Trump H-1B fee ruling throws businesses into uncertainty
The H-1B fee fight has frozen hiring and budgeting for employers that depend on specialty workers. A Dallas firm said the $100,000 charge would have cost about $1 million a year.

The legal fight over Donald Trump’s $100,000 H-1B fee has left employers in limbo, freezing hiring plans, budgets and relocation decisions for companies that depend on specialty workers. In Dallas, Kishore Khandavalli said nearly half of his 380 employees hold H-1B visas, and the fee would have cost his software consulting firm about $1 million a year.
Trump signed the proclamation on September 19, 2025, and White House and USCIS guidance said the charge applied to new H-1B petitions filed at or after 12:01 a.m. Eastern on September 21, 2025, including the 2026 lottery. The administration said the one-time payment did not apply to previously issued visas or renewals, while also signaling broader changes, including higher prevailing wage levels and a lottery tilted toward higher-skilled, higher-paid applicants.

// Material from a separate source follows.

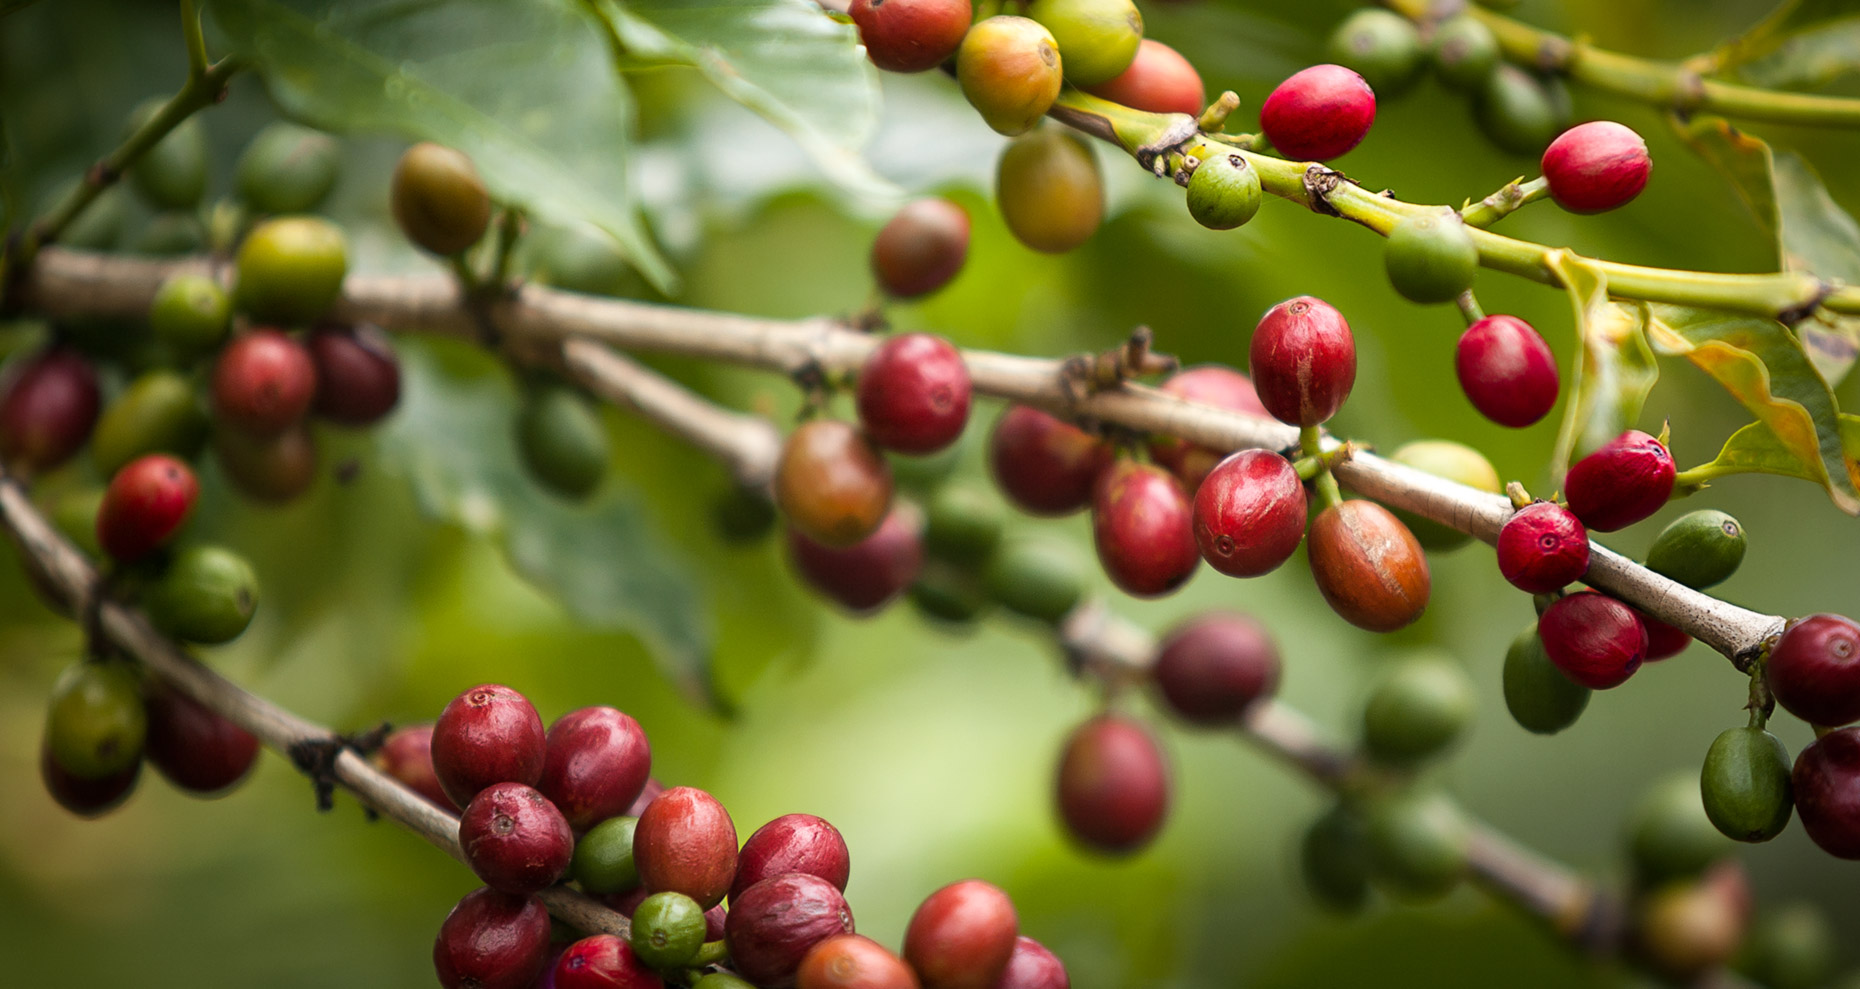 closeup of coffee cherries riping on trees. Agriculture photography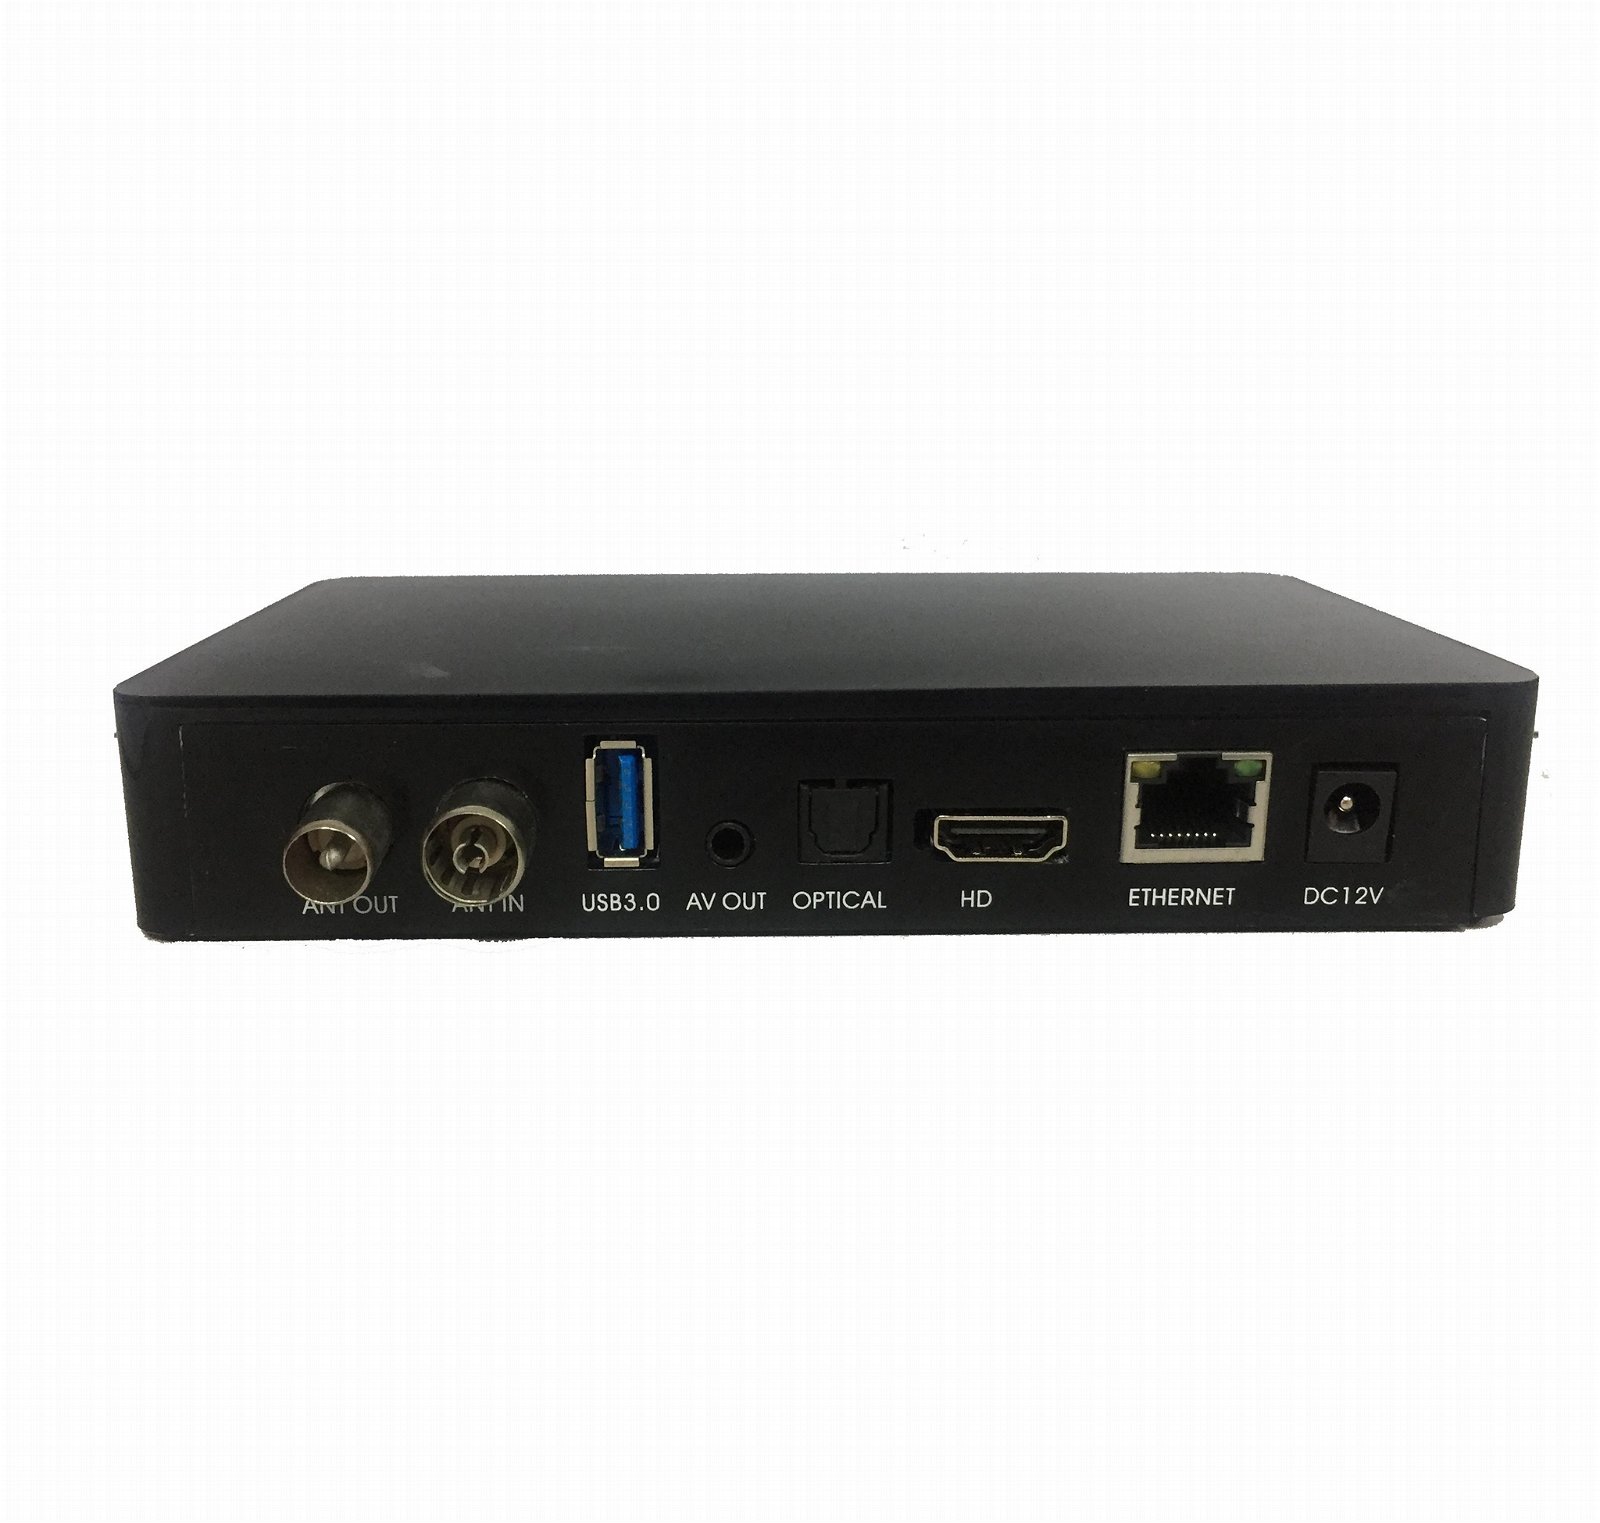 Android system DVB-T2 set top box H.265 HEVC

The uncertainty deepened after Judge Leo T. Sorokin in Boston struck down the fee on June 8 in State of California et al. v. Markwayne Mullin et al. The ruling, which came in a suit brought by 20 states, said the charge functioned like a tax Congress had not authorized and violated both the Administrative Procedure Act and the Constitution, according to reporting on the decision. The Justice Department filed a notice of appeal on June 11, and on June 13 the judge temporarily paused his own order while the administration sought an emergency appellate stay.
For employers, the damage has already been done. Khandavalli said his company has not hired new foreign workers since the policy took effect, a sign of how quickly the threat of a six-figure fee can distort recruiting and planning. Hospitals, universities and research institutions also have reason to worry: California Attorney General Rob Bonta said the fee would create a costly barrier for employers and worsen shortages in health care, education and research.

The broader debate turns on what the H-1B program is for and who gets access to it. Federal guidance describes it as a pathway for employers to hire foreign workers in specialty occupations that require at least a bachelor’s degree, while the White House argued the system had been exploited and pointed to growth in foreign STEM workers from 1.2 million in 2000 to almost 2.5 million in 2019. It also said IT workers made up more than 65 percent of H-1B workers over the last five fiscal years.
The policy shift has reached beyond boardrooms. India accounts for 73 percent of H-1B visa holders, according to Pew Research Center 2023 data cited in the coverage, and a student at the Birla Institute of Technology and Science in Pilani said the United States had long been a career goal but that he was now broadening his options as immigration rules keep changing. With the fee still tied up in court, businesses that need specialized talent are left planning around uncertainty instead of growth.